Twenty years from now, you will have growing relationships with each of your four, and they all will speak words of kindness and understanding as you discuss all your strengths and struggles in raising them. What a gift this will be to you.

One morning, you will find a small note on Facebook (something that doesn't exist yet) that "you are the greatest mom of all time" from your second-born. You will receive a text (something else that doesn’t exist yet) that your 20-year-old wants to have a family “Zoom” time every Sunday during a crazy pandemic. Your oldest will write a blog post (oh my gosh, that doesn’t exist yet either) on your birthday telling the world what a gift you are to her and her two-year-old. You will eat dinner every night with your second son during the bonus time when the world “stops.” It doesn't get any better than this. LOVE WINS!

I repeat, I love you, younger version of me. It's all going to be okay. What you see now is but a dim shadow of the beauty that's to come. I promise you a few things: you don't do it all right. In fact, you make lots of mistakes.

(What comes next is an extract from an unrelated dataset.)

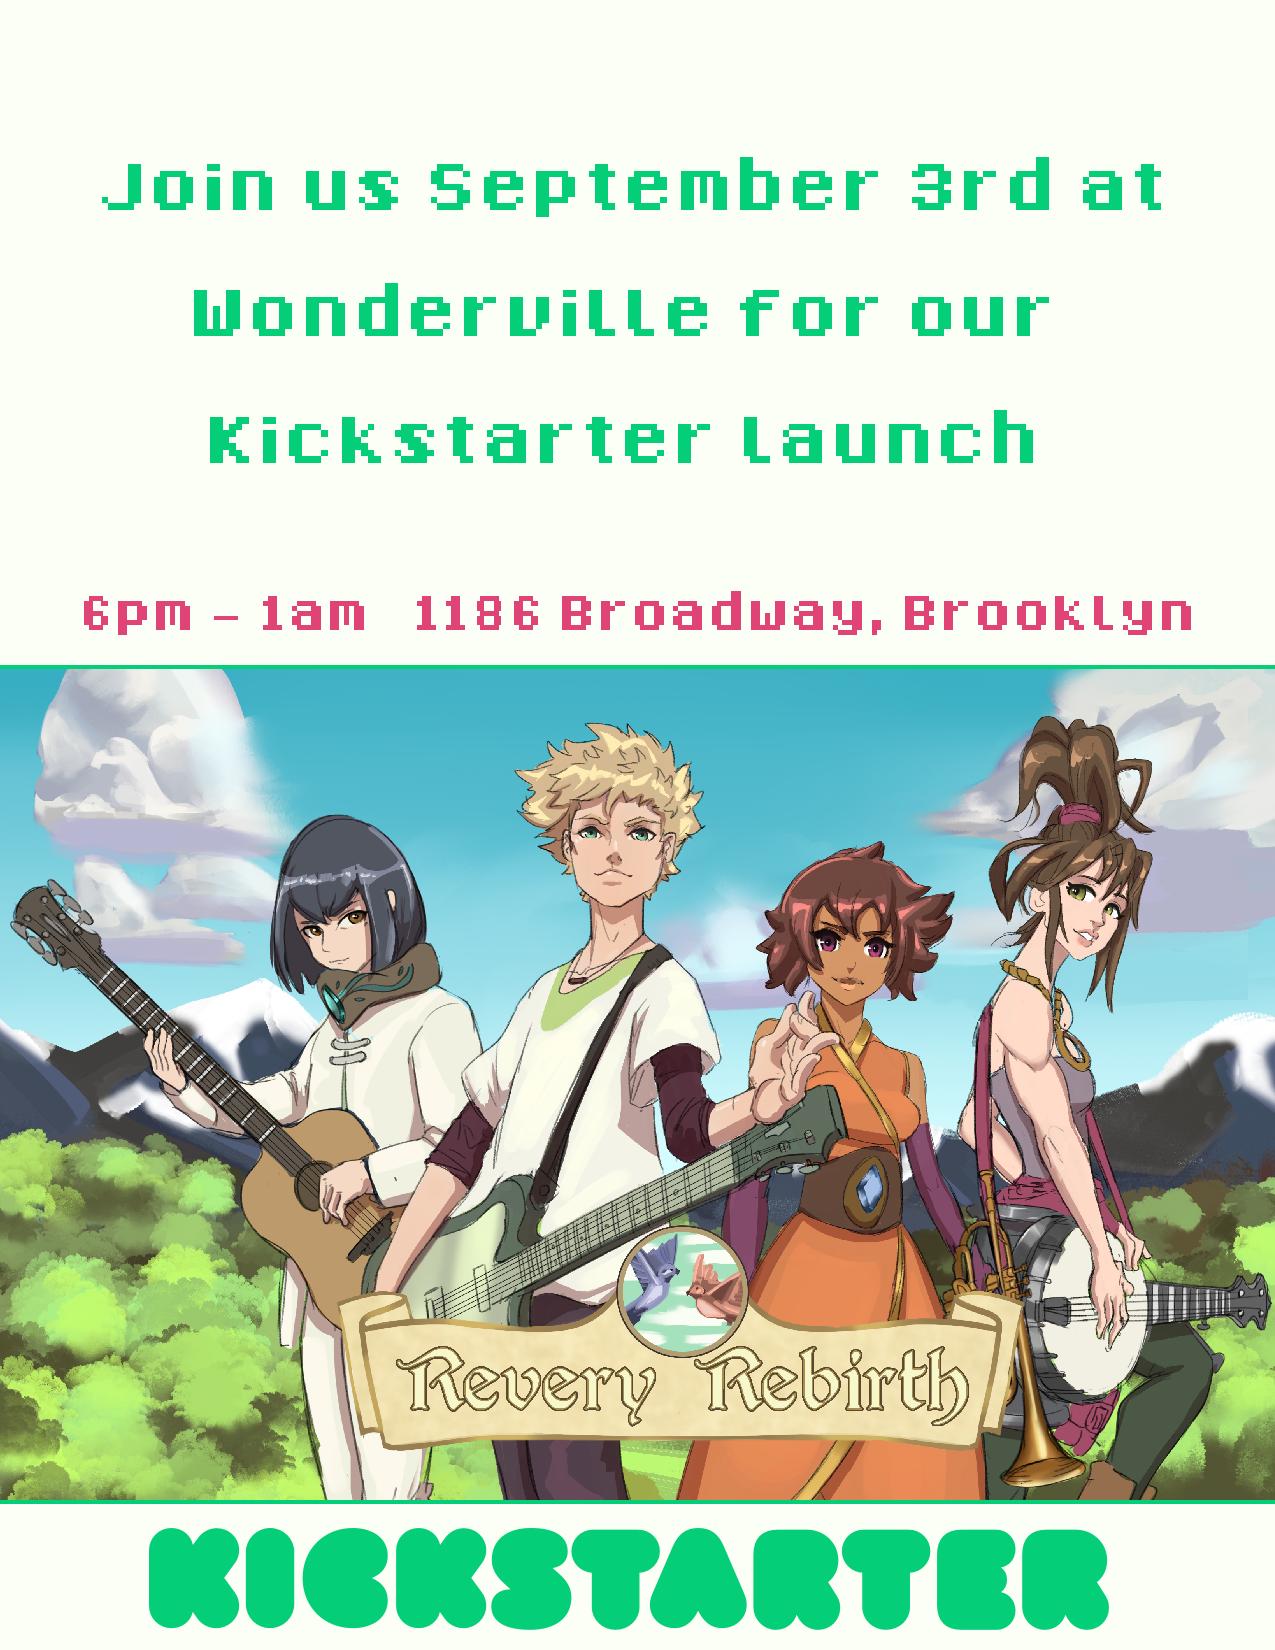 RSVP:  https://withfriends.co/Event/2492315/Revery_Rebirth_Kickstarter_Launch

You are afraid sometimes, very afraid. Your faith is tested to the shattering point. Your heart is broken into a million pieces. BUT, you do not give up HOPE, even in the middle of your fear. The One who is the source of all HOPE does not give up on you.

You do not give up FAITH, even though the waves swirl around you, and it's hard for you to see the Object of your FAITH. He keeps his eye unwaveringly on you.

Though your heart splinters into fragments, you do not give up LOVE. LOVE HIMSELF slowly shows you that you are LOVED beyond measure and this LOVE is freeing and healing. It's from this LOVE that you will begin to love your kids well. You have a long way to go, and so do I.

I wonder what our 74-year-old wiser self will say to us 20 years from now. It's just good to be on this journey together! Take heart, young mom me. All will be well.